While some politicians speak hopefully of moving a repeal rather soon through the Senate, where the GOP has only a two-vote majority, others see months of difficulties ahead. It was hard enough to have the House approve a reform bill in a modest amount of time, where the GOP has a much larger majority.

The reform task is made no easier, of course, when the dominant media are the propaganda organ of the Democrats.

And recall that the bill narrowly approved in the House on May 4 wasn’t the simple elimination of Obamacare. In Washington’s ways, unneeded new complexities were devised that would have better been left out.

Freshman conservative Cong. Andy Biggs (R., Ariz.) explained in a May 4 news release why he voted no on Trump’s American Health Care Act:

“Unfortunately, the American Health Care Act . . . leaves the basic framework of Obamacare in place and continues to commit Republicans to an ill-considered, ill-defined, and an almost certainly ill-fated three-stage plan to completely repeal Obamacare at an unspecified later date. Even worse, I have seen no compelling evidence that the AHCA will offer substantive relief to Arizona families who have been crushed by devastatingly high health-insurance premiums. . . .

“Some of my colleagues claim that by passing the AHCA we are eliminating hundreds of billions of dollars in Obamacare taxes. There is some truth to this argument,” Biggs said. “But the AHCA does not do anything to eliminate the costly ACA (Obamacare) subsidies already in place, and it continues the dangerous precedent established by the ACA of granting the federal government the power to regulate our nation’s health-care system.

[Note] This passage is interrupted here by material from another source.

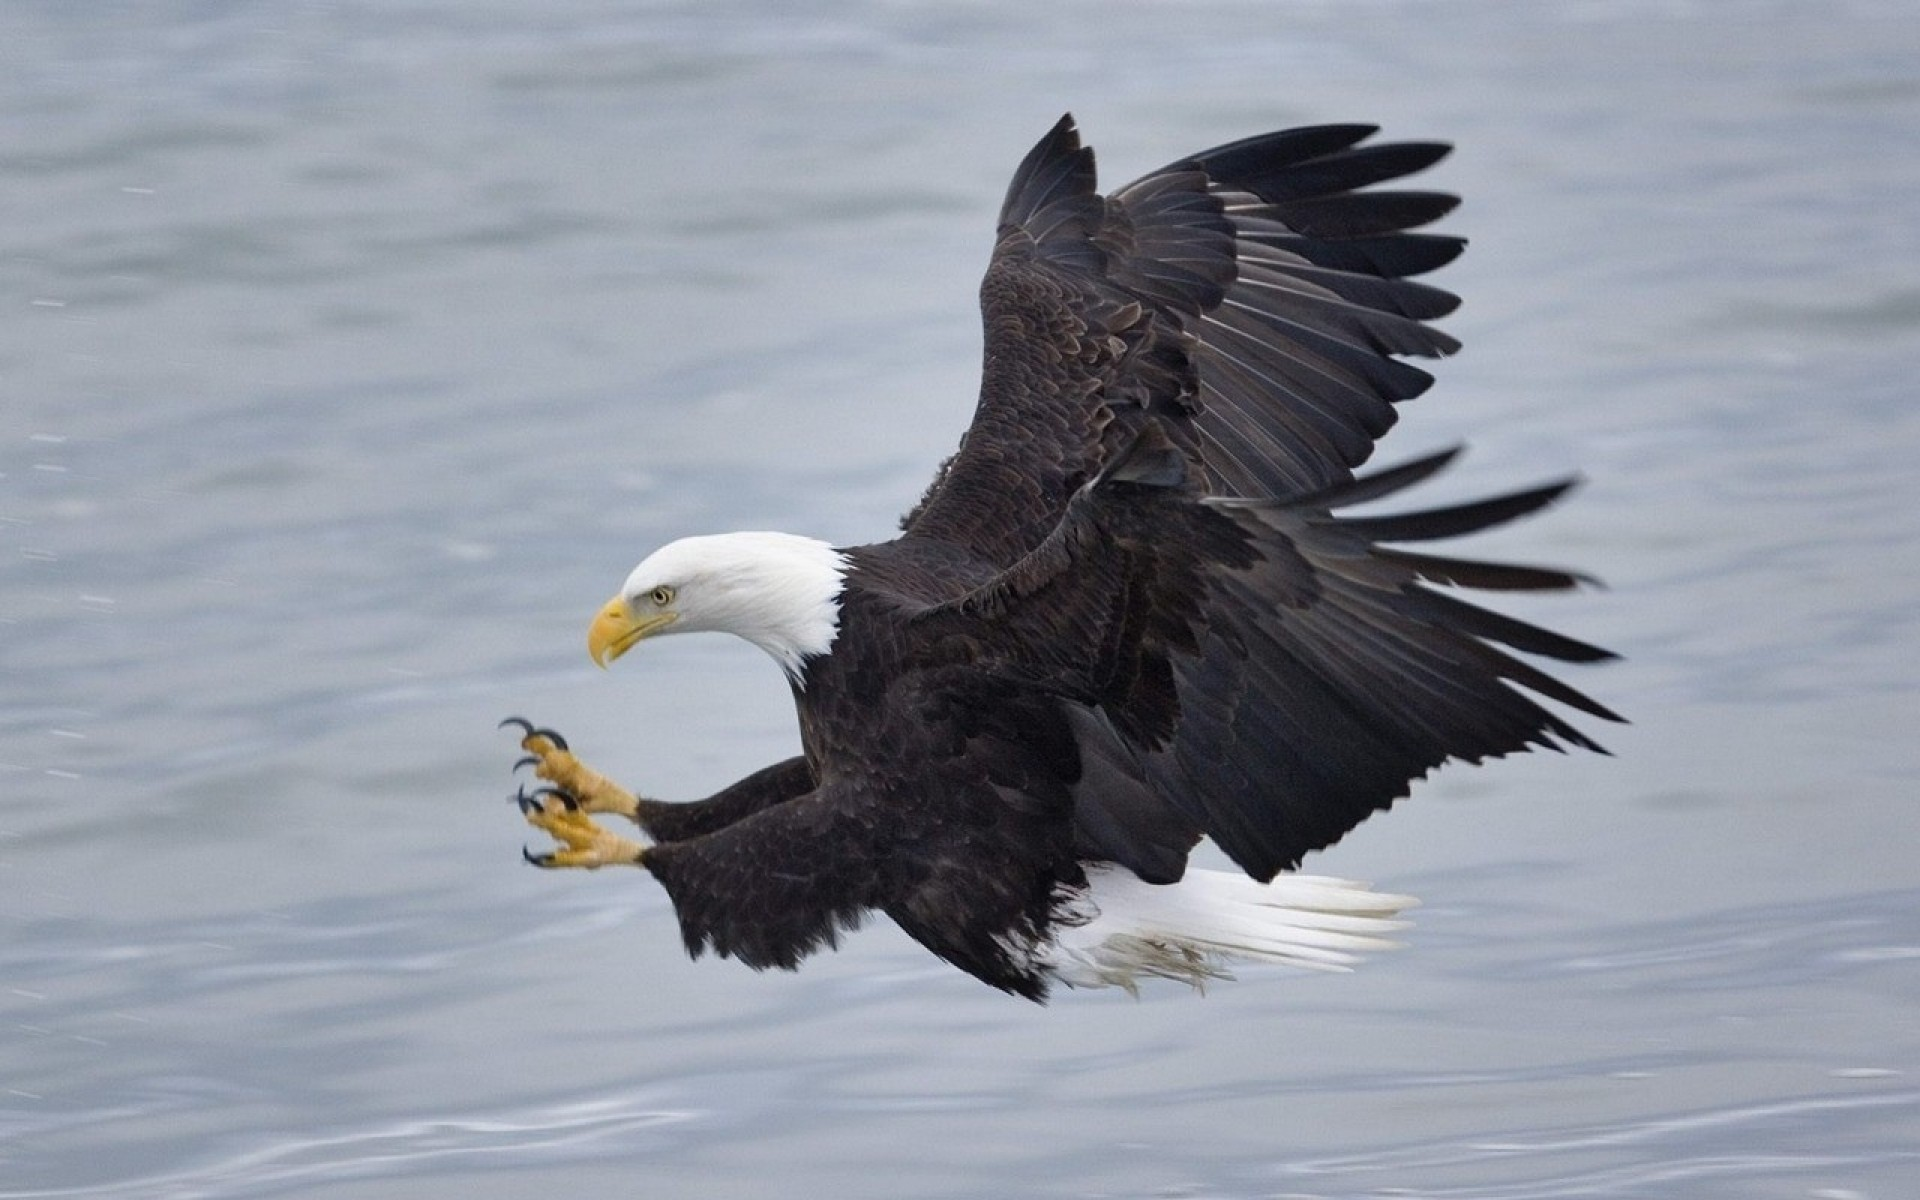 … Bald Eagle Widescreen Wallpaper

“I did not come to Washington to give unelected bureaucrats the authority to dictate health-insurance options to me, my family, or the residents of the East Valley. This is not a fight I am prepared to surrender,” he said.

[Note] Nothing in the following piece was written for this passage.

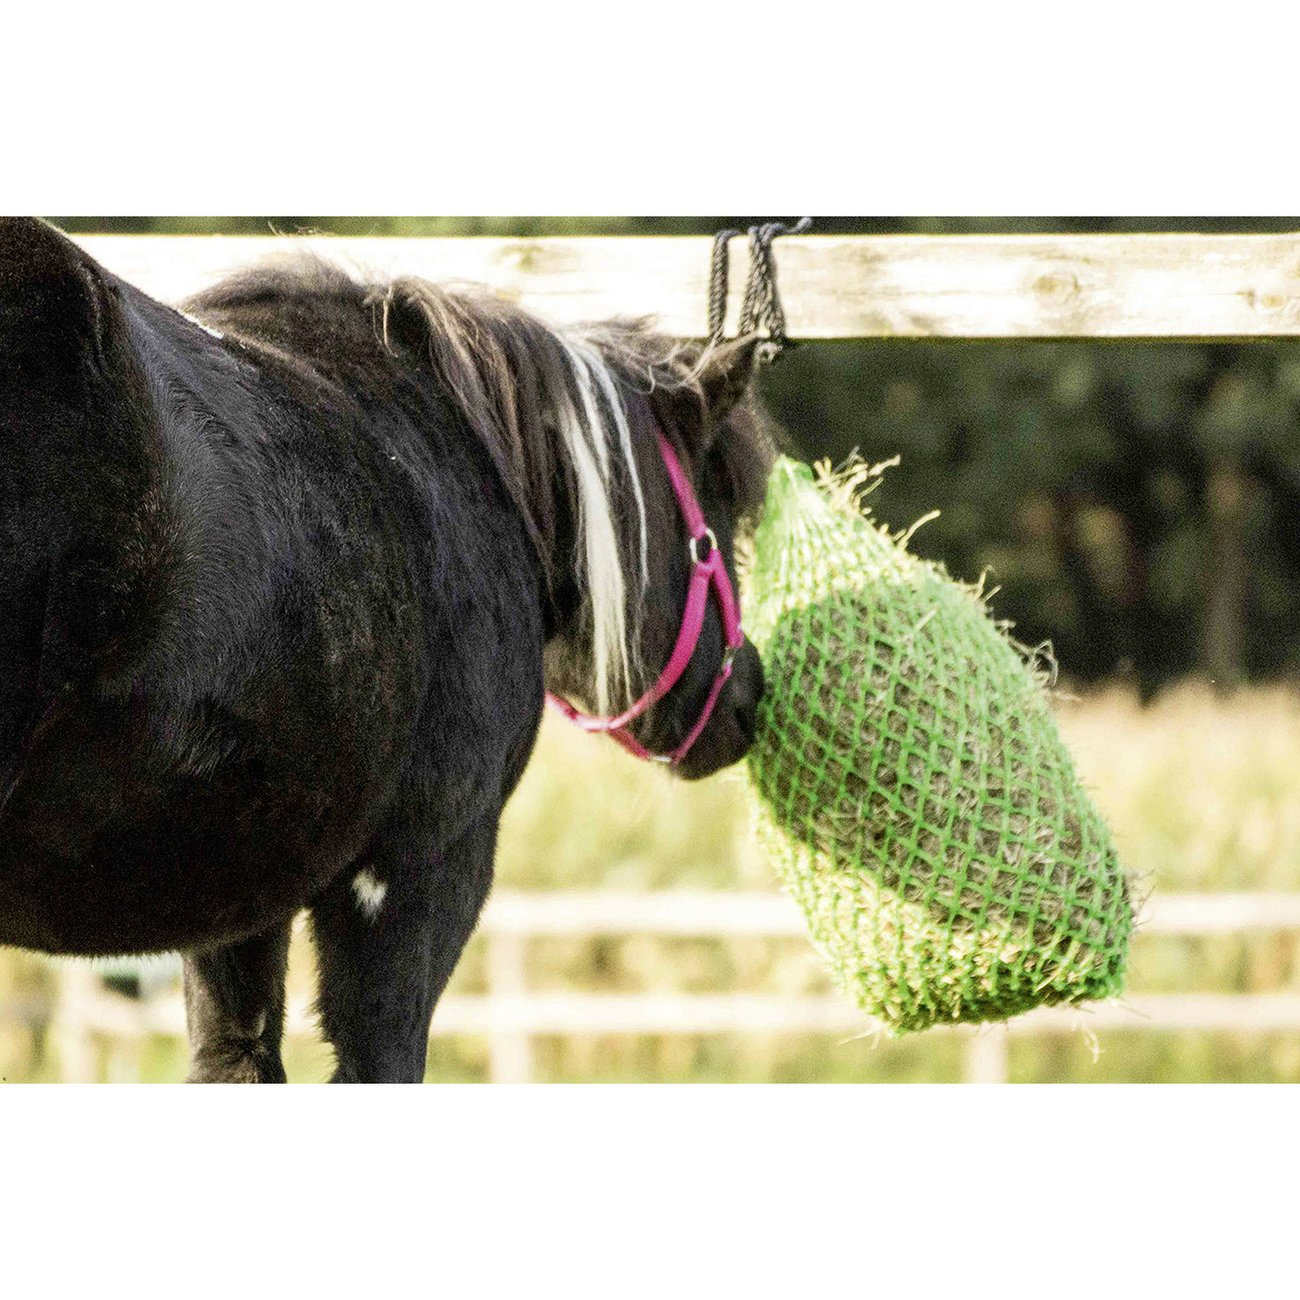 BUSSE Pony Heunetz Little, Bild 2

And national talk-radio host Mark Levin said on May 4, “Spin as they might, this Republican bill is about 90 percent Obamacare.”

Trump says premiums and deductibles will come down, but Levin said it wouldn’t be by much.

Was all the pushing and shoving in the House little more than an exercise in futility?

If immediate prospects for overturning Obamacare turn glum, perhaps Trump should plan to take the health-reform issue directly to the voters for the 2018 mid-term elections, campaigning around the nation on the issue that he needs blockades removed so voters can get the medical transformation they want and need, before the quicksand starts sucking away their chance to escape the bog.

Delay is on the Big Government Democrats’ side.

One Chance

British Conservative Party politician Daniel Hannan warned at the Washington Examiner on May 8 that once an evil is imposed on people, they start getting used to it, until they fear losing it. That’s the principle of keeping “the devil we know.”

Britain’s state medical system was designed during WWII, at a time of rationing and conscription, Hannan wrote, but for all the frustration it causes today, “We grumble about it, but we oppose any fundamental change.

“America is just starting down that road,” he added. “It has one chance to turn back. That chance is now.”

Of course, Big Government Democrats kept burrowing away for decades before Obama finally could shove through the crime named for him in 2010. These transformations don’t happen overnight. But giving secularist government power over your very ability to take breaths can’t end happily. Look where it has gone once leftists got the power to slaughter human infants nationally in 1973.

A century ago, developing an animal-husbandry method for a superior breed of humans was an enthusiasm of progressives, who finally were shocked out of that when forced to face the results taken to the extreme by the utilitarian science-admiring German National Socialists.

But progressives’ contempt for human life as divinely in the image of God didn’t sink too far below the surface, and after a few decades, hostility to birth and affinity for euthanasia spread out from the usual precincts to the usual pod people with printing presses.

Extra, Extra! They’re not talking now about printing a special edition, but excess human life that needs to be snipped away. Like billionaire businessman and population controller Warren Buffett, the fewer customers the better, they seem to think.